■ Aim of the exercise: Look through the lines below and extract each one that contains "Bunny".

[Data extracts]

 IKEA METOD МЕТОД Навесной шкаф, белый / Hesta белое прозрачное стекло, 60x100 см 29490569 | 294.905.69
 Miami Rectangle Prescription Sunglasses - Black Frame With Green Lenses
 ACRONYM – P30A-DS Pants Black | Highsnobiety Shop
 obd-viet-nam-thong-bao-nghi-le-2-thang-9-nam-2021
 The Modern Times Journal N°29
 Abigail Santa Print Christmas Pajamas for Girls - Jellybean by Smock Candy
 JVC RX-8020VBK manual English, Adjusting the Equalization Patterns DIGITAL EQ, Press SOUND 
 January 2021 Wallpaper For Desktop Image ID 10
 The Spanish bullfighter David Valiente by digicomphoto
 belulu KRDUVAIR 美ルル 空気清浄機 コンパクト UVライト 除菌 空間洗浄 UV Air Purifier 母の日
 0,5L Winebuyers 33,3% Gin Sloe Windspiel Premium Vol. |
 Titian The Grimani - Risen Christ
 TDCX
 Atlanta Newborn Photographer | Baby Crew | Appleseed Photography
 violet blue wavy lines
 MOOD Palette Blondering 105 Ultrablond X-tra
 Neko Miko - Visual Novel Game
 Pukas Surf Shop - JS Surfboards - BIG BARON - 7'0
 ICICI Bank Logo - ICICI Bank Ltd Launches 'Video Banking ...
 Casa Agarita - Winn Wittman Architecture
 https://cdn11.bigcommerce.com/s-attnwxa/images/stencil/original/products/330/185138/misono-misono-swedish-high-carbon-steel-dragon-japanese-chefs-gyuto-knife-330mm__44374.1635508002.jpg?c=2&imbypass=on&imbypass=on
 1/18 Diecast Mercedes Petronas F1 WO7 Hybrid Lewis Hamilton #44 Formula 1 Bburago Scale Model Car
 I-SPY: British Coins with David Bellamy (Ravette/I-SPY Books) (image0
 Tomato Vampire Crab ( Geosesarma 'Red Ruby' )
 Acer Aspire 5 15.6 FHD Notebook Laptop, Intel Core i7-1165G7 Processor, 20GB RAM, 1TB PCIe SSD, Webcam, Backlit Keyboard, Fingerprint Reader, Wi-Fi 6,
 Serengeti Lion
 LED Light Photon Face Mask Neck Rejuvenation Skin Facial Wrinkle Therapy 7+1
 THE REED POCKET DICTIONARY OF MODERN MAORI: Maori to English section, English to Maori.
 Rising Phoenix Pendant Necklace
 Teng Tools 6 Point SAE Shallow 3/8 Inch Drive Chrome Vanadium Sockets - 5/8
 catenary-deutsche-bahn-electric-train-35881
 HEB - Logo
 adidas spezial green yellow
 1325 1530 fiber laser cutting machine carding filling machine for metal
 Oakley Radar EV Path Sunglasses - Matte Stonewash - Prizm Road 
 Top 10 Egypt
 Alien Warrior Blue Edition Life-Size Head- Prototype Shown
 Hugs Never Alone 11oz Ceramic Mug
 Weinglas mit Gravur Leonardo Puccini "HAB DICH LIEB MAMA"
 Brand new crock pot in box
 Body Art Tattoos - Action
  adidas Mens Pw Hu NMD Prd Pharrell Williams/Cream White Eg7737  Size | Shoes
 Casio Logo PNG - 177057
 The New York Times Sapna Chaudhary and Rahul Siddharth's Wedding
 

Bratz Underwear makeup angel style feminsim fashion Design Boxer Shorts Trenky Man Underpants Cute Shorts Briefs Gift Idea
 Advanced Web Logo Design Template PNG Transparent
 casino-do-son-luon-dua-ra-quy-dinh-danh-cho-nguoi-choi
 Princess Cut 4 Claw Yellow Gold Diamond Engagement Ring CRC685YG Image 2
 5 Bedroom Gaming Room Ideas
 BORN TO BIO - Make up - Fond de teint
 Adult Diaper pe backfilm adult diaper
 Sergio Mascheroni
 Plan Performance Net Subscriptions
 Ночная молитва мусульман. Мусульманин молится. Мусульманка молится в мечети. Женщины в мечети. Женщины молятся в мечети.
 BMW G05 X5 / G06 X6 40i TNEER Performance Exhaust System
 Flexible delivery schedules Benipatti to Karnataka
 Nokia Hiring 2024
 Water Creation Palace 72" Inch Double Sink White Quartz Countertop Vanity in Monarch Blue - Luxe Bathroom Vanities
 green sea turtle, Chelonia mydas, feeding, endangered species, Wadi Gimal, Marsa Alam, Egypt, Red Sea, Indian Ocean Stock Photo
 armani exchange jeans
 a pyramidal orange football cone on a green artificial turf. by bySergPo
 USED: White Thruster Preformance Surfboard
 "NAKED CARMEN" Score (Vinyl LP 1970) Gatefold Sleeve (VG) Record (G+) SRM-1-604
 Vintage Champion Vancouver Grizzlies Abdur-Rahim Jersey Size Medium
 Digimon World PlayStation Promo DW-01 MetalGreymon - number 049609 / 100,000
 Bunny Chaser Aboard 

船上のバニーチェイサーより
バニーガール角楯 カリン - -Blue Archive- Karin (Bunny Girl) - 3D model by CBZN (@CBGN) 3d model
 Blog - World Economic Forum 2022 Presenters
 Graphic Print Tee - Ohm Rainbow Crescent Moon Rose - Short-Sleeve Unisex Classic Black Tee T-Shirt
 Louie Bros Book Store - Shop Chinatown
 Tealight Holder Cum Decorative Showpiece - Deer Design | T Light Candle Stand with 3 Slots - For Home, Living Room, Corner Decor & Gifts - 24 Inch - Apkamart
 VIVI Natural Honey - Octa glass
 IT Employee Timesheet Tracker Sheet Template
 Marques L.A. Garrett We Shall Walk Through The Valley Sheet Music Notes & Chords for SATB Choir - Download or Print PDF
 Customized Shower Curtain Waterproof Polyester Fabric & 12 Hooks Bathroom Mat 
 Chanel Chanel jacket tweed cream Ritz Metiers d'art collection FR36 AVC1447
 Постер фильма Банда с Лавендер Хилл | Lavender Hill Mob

[/Data extracts]

■ Result for this task:
 Bunny Chaser Aboard 
バニーガール角楯 カリン - -Blue Archive- Karin (Bunny Girl) - 3D model by CBZN (@CBGN) 3d model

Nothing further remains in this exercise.